Speaking about the effectiveness of various new treatments, it must be remembered that the risk of death from localized PCa within 10 years after prostatectomy is only 2.4%.

It is difficult to evaluate the effectiveness of cryodestruction in terms of the dynamics of the PSA content, since the criteria for relapse with different equipment are not the same. For example, with the use of second-generation equipment in a group of 975 patients, 5-year disease-free survival in low, medium and high-risk groups was 60, 45 and 36%, respectively (if the PSA rises to more than 0.5 ng / ml) , 71 and 61% (if relapse is considered to be a PSA level of about 1 ng / ml). The application of the criteria of the American Society of Curative Radiology and Oncology (ASTRO), where recurrence is considered to be three consecutive increases in the G1CA content, demonstrates a 7-year relapse-free survival in 92% of patients.

Cryodestruction with preservation of cavernous nerves is possible when the half of the gland that is affected by the tumor is frozen.

Erection disorders occur in about 80% of patients (regardless of the technique used). When using third generation equipment, tissue rejection occurs in 3% of patients, urinary incontinence - in 4.4, urinary retention - in 2, pain in the lower abdomen - in 1.4% of patients. The risk of urinary fistula development does not exceed 0.2%. About 5% of cases there is obstruction of the urethra, which requires transurethral resection of the prostate gland.

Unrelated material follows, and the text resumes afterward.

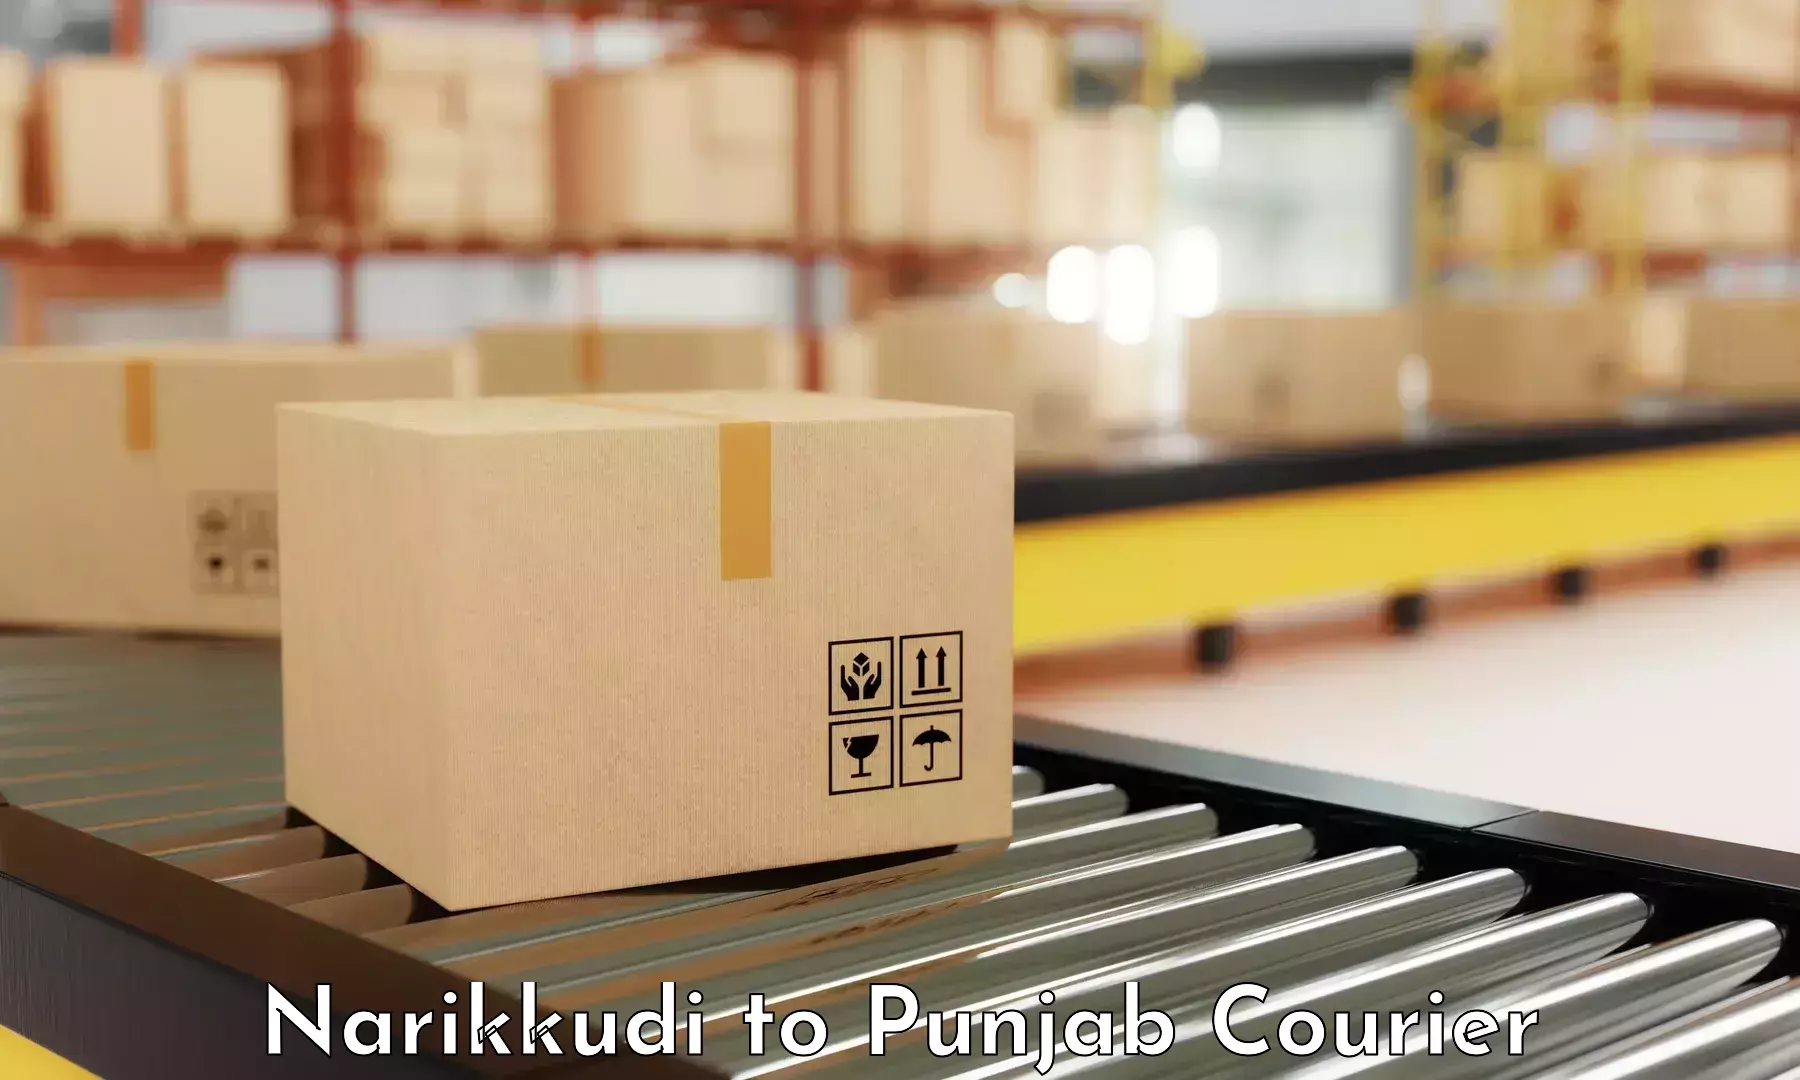 Efficient parcel tracking Narikkudi to Nangal

According to the questionnaire, most of the functional disorders caused by cryodestruction take place within a year. In the next two years, no significant change is taking place. Three years after cryodestruction, 37% of patients may have sex life.

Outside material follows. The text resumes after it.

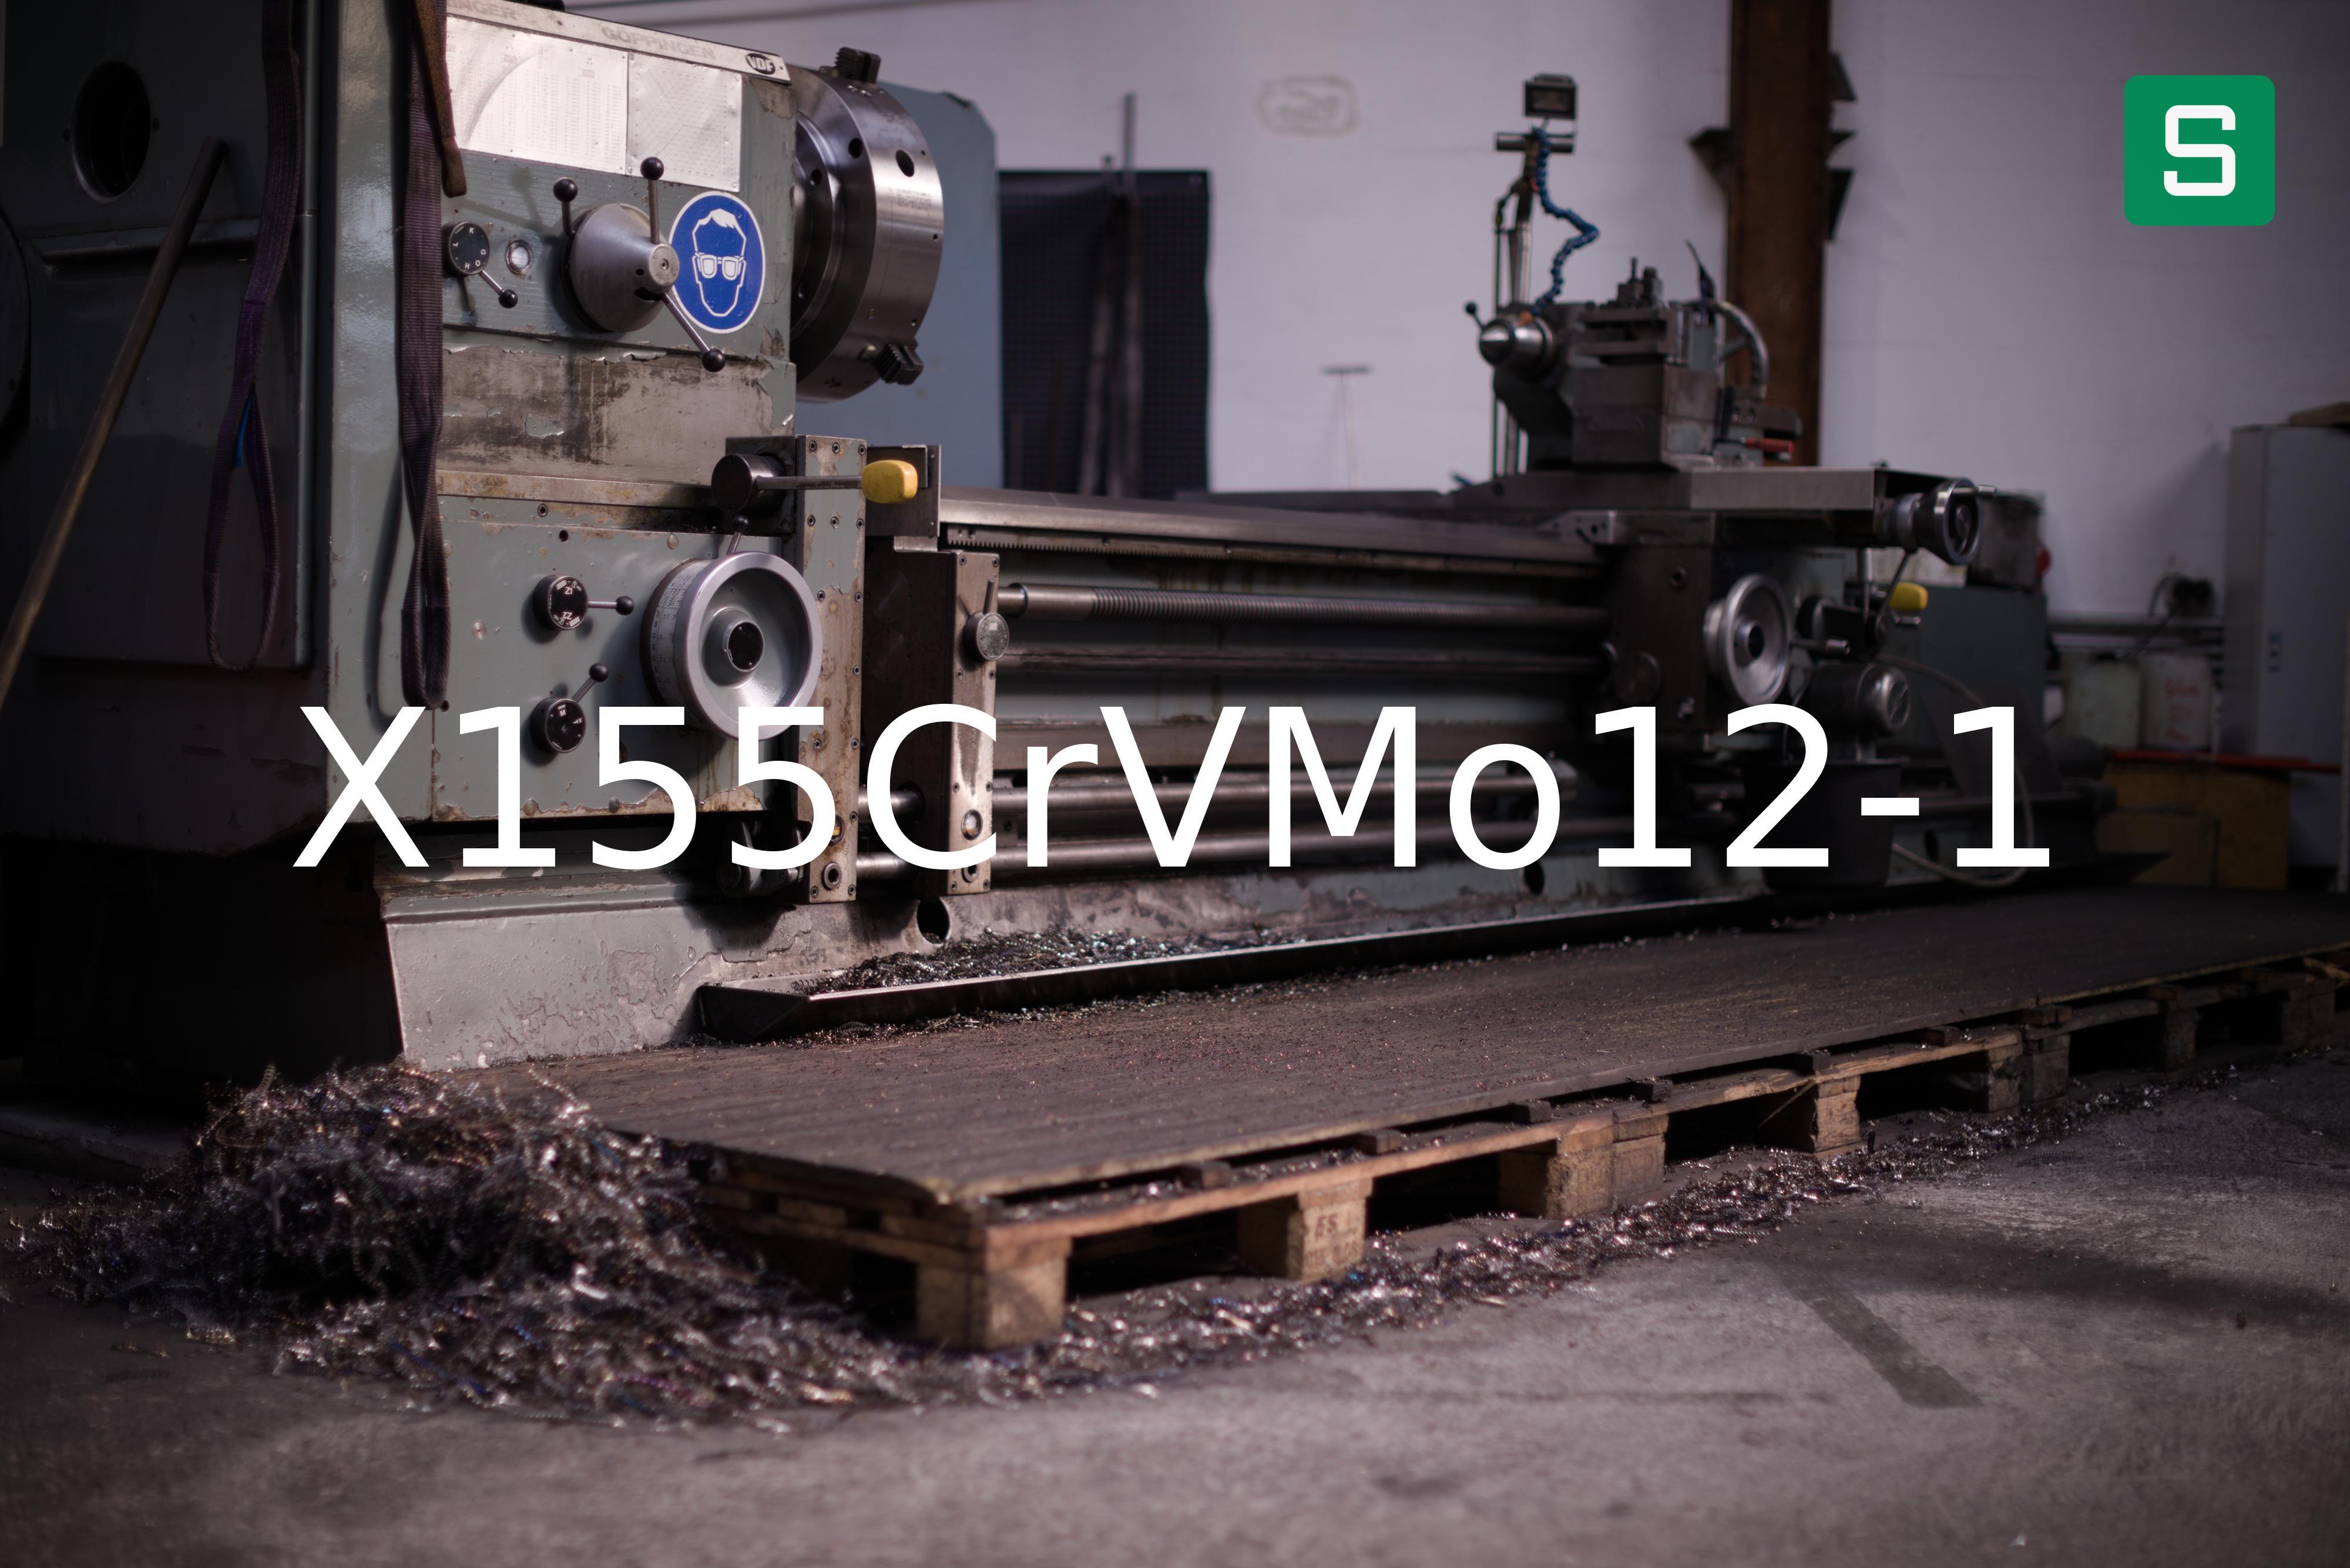 Steel Material: X155CrVMo12-1

Cryodestruction is possible in low- dose groups (T 1-2a, Gleason score less than 6, PSA level below 10 ng / ml), and medium risk (T 2b PSA level 10-20 ng / ml or Gleason 7 index). The volume of the prostate gland should not exceed 40 cm 3.

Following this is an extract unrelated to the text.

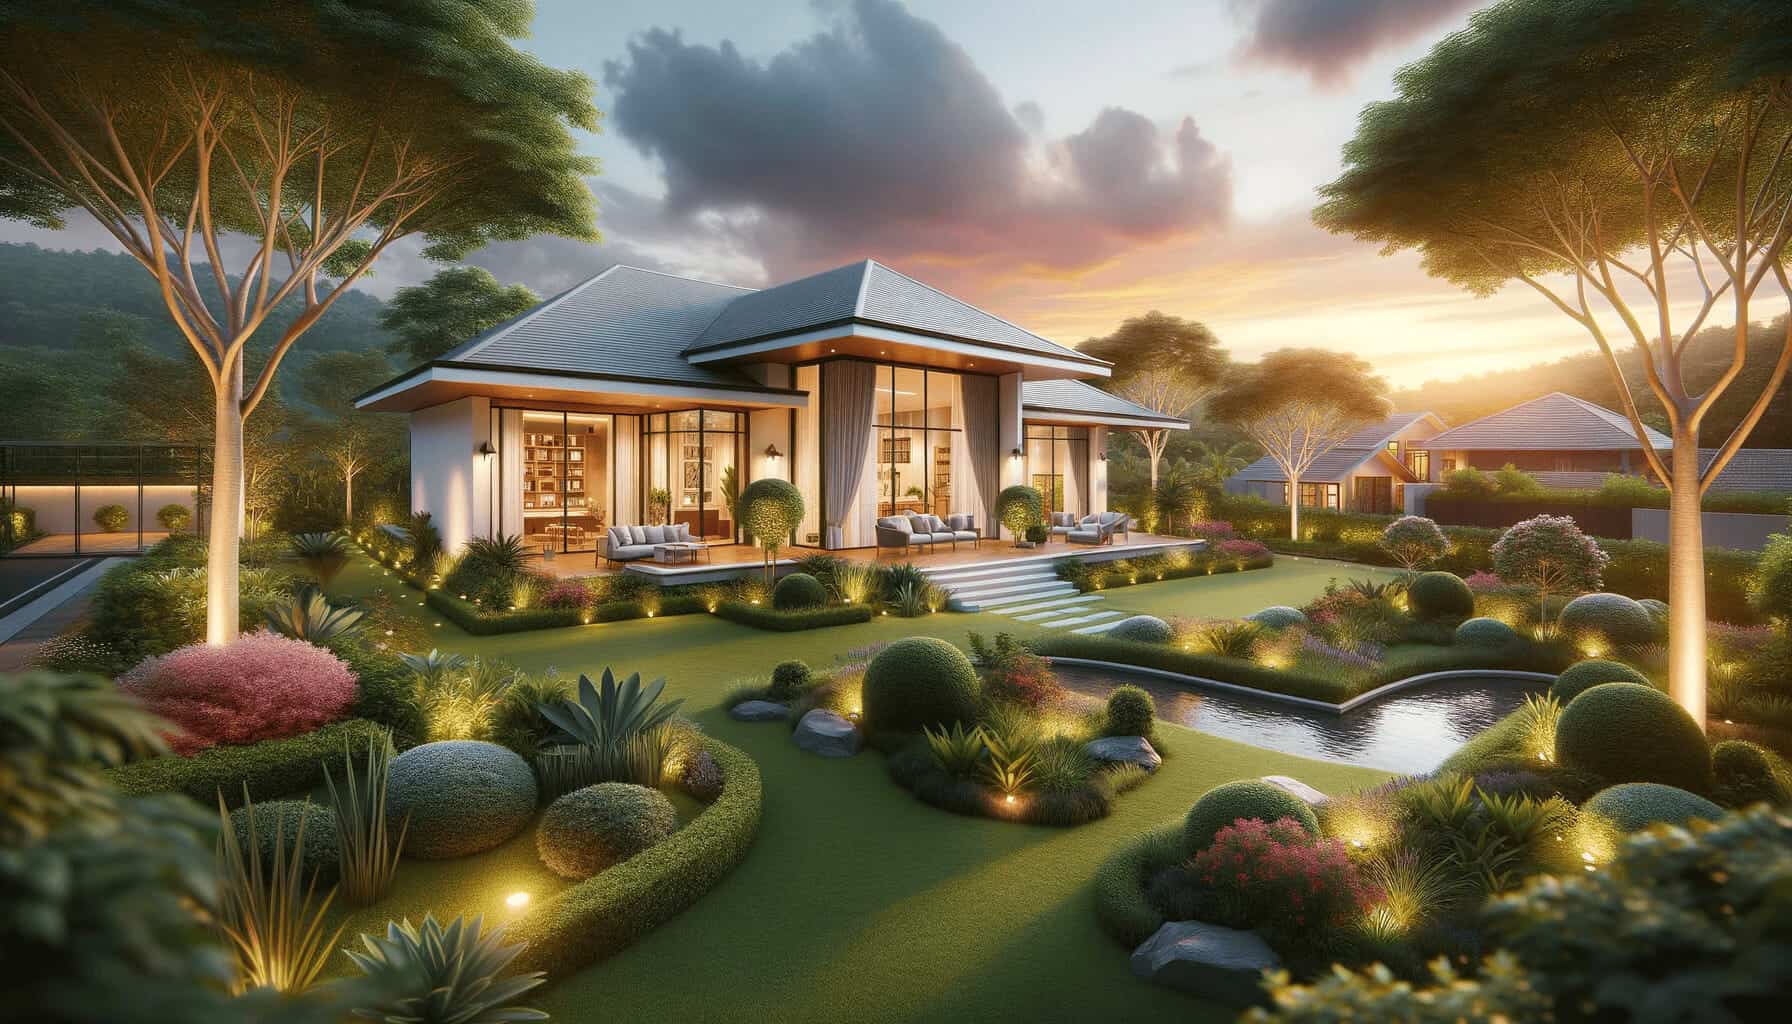 Construya una casa IBS: soluciones rápidas, económicas y de calidad para sus sueños | Kontraktor Bina Rumah Atas Tanah Sendiri

Five-year disease-free survival in the low-risk group is cleaner than after prostatectomy, but there are no data on long-term results and this should be reported to patients.

trusted-source[5], [6], [7], [8]

High-intensity focused ultrasound ablation of the prostate (HIFU-therapy)

Ultrasonic waves of high intensity destroy the tumor with the help of heating and acoustic cavitation. The tumor is heated to 65 ° C, which causes coagulation (dry) necrosis. The procedure is carried out under general or spinal anesthesia, in a position on the side. The destruction of every 10 g of the gland tissue takes about 1 hour.

As in the case of cryodestruction, the interpretation of the results of ultrasonic destruction is complicated by the lack of generally accepted efficiency criteria. In addition, the literature data allow us to judge about studies conducted only for 10 thousand patients.

Virtually all patients have a delay in urine, which requires a catheterization of the bladder for 7-10 days or epicystostomy for 12-35 days. Urinary incontinence of mild or moderate degree during exercise is noted by 12% of patients. To eliminate obstruction of the urethra, transurethral resection of the prostate or dissection of the neck of the bladder is often necessary. Optimal one-stage execution of both procedures is considered. The risk of impotence is 55-70%.

HIFU therapy and cryodestruction may be an alternative to surgery in patients with an expected life expectancy of less than 10 years or when performed at the patient's request.